### RECORDED INFORMATION
┏━━
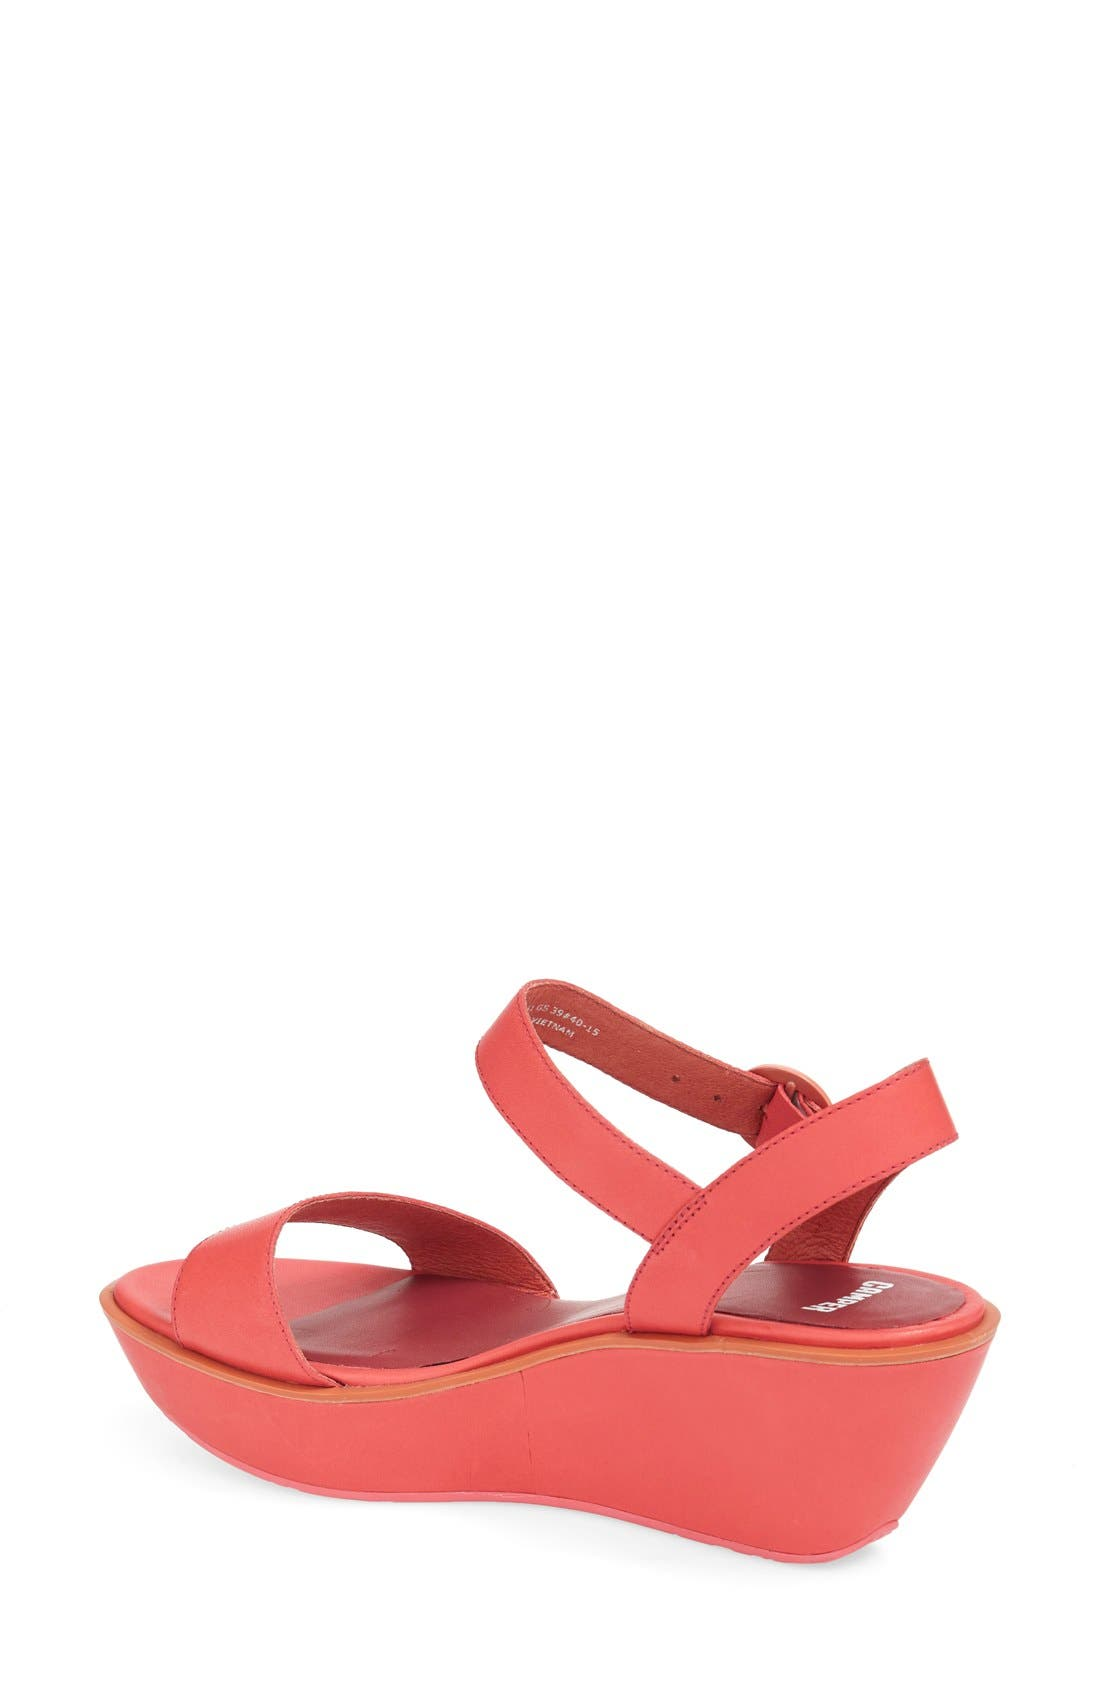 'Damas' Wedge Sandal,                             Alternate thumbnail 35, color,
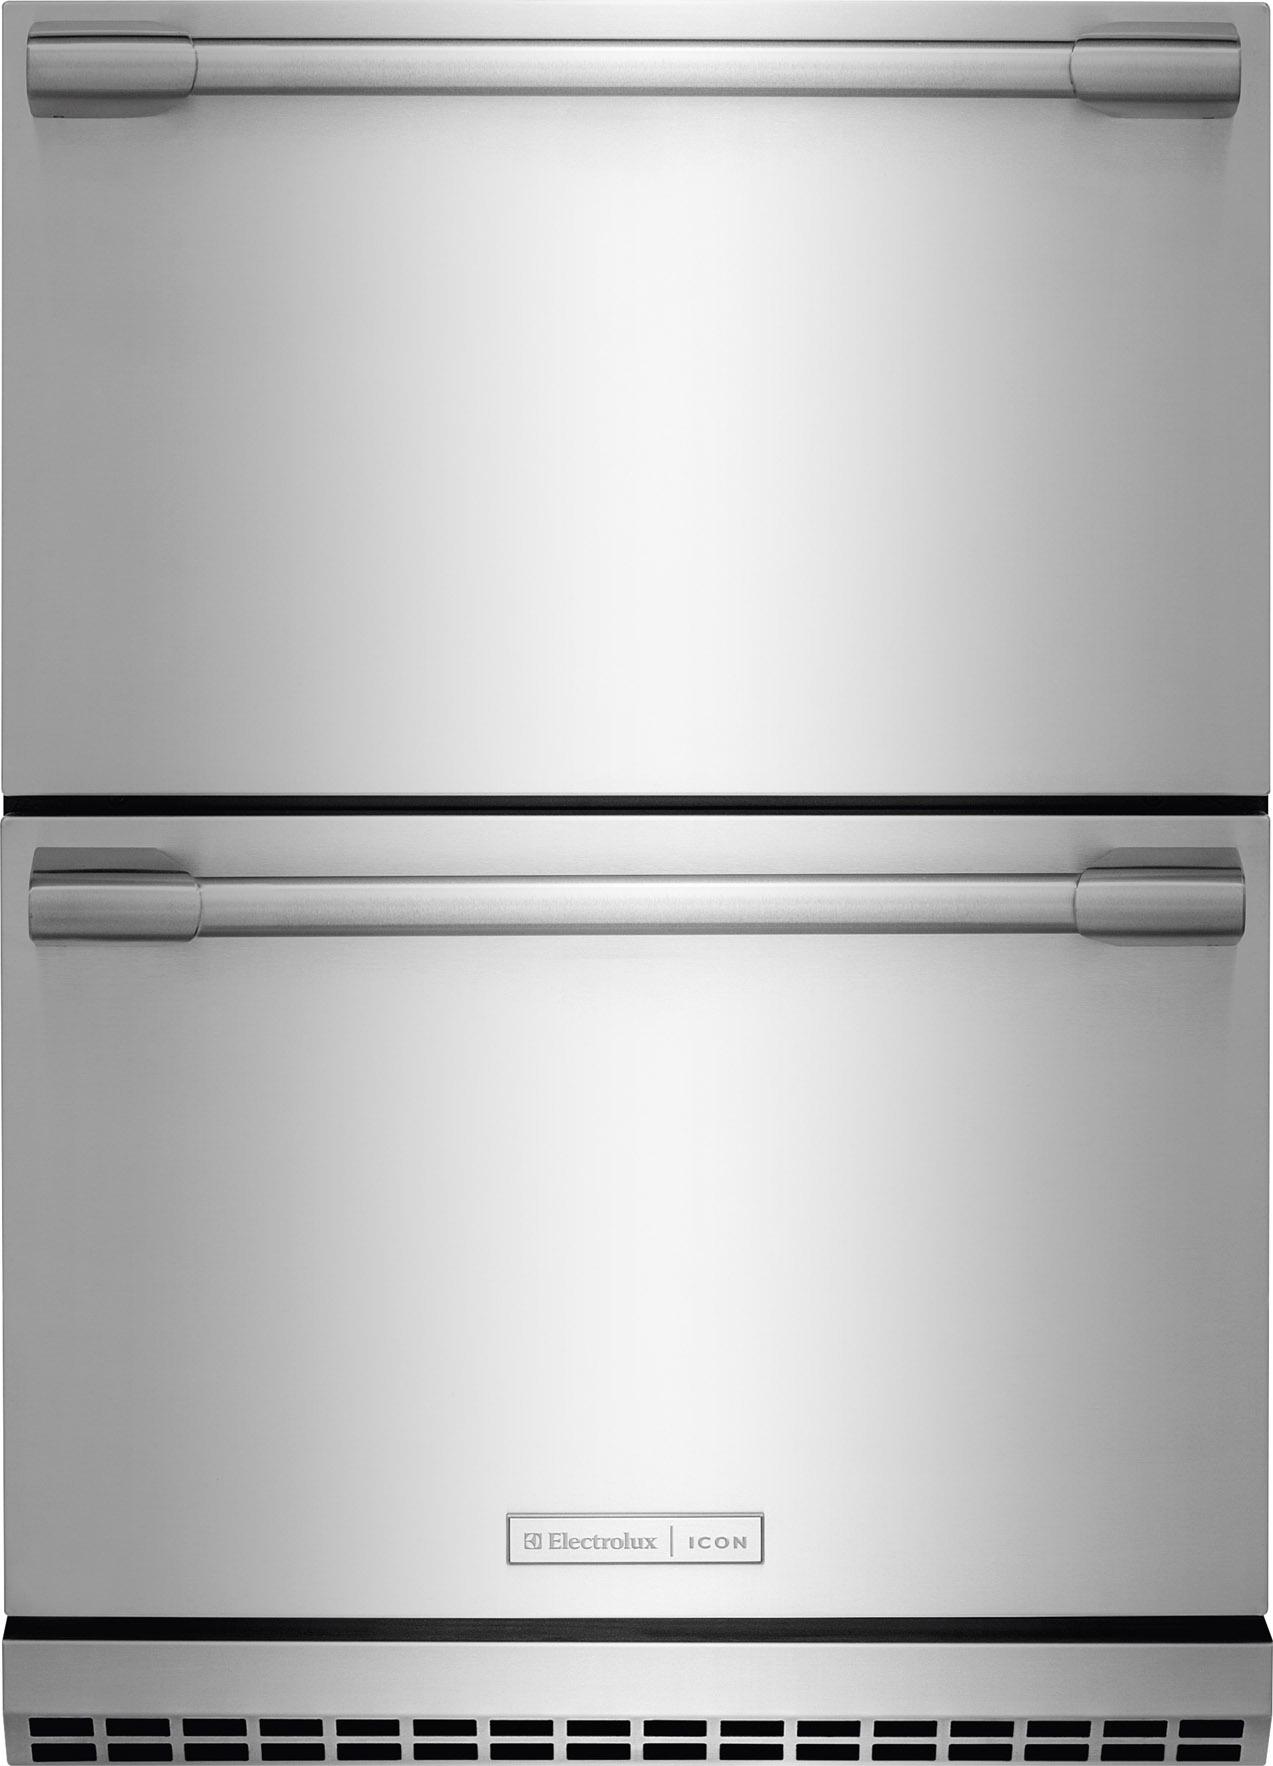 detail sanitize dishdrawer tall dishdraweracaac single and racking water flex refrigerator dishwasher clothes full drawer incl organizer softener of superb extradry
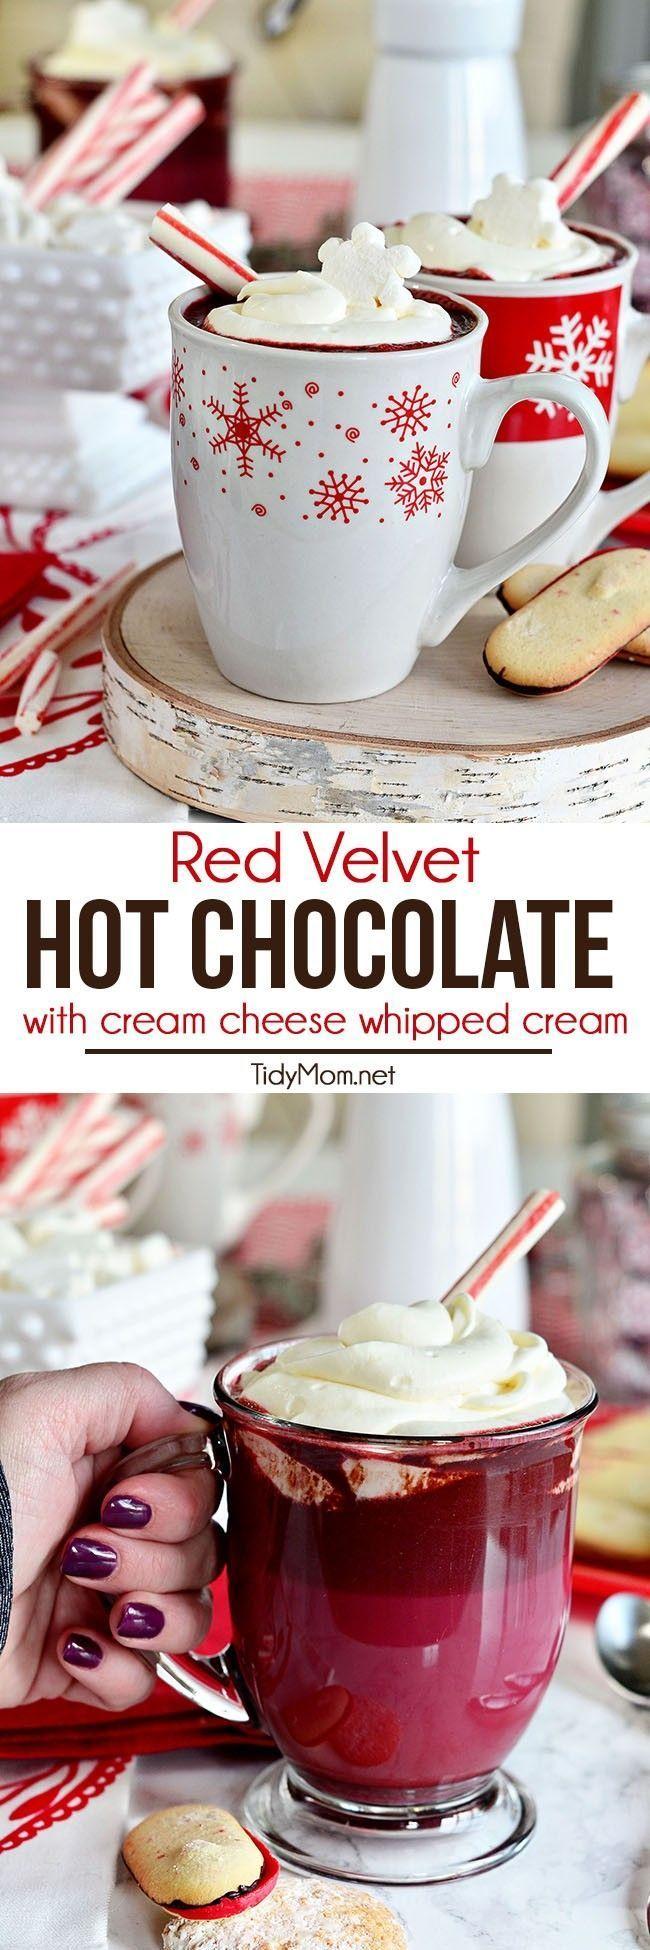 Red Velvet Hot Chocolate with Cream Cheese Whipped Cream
┗━━
### YOUR GOAL
The required output is every line from the beginning of the material above through the line with "detail sanitize dishdrawer", exact and without pictures.

### RESPONSE TO THE TASK
 'Damas' Wedge Sandal,                             Alternate thumbnail 35, color,
 detail sanitize dishdrawer tall dishdraweracaac single and racking water flex refrigerator dishwasher clothes full drawer incl organizer softener of superb extradry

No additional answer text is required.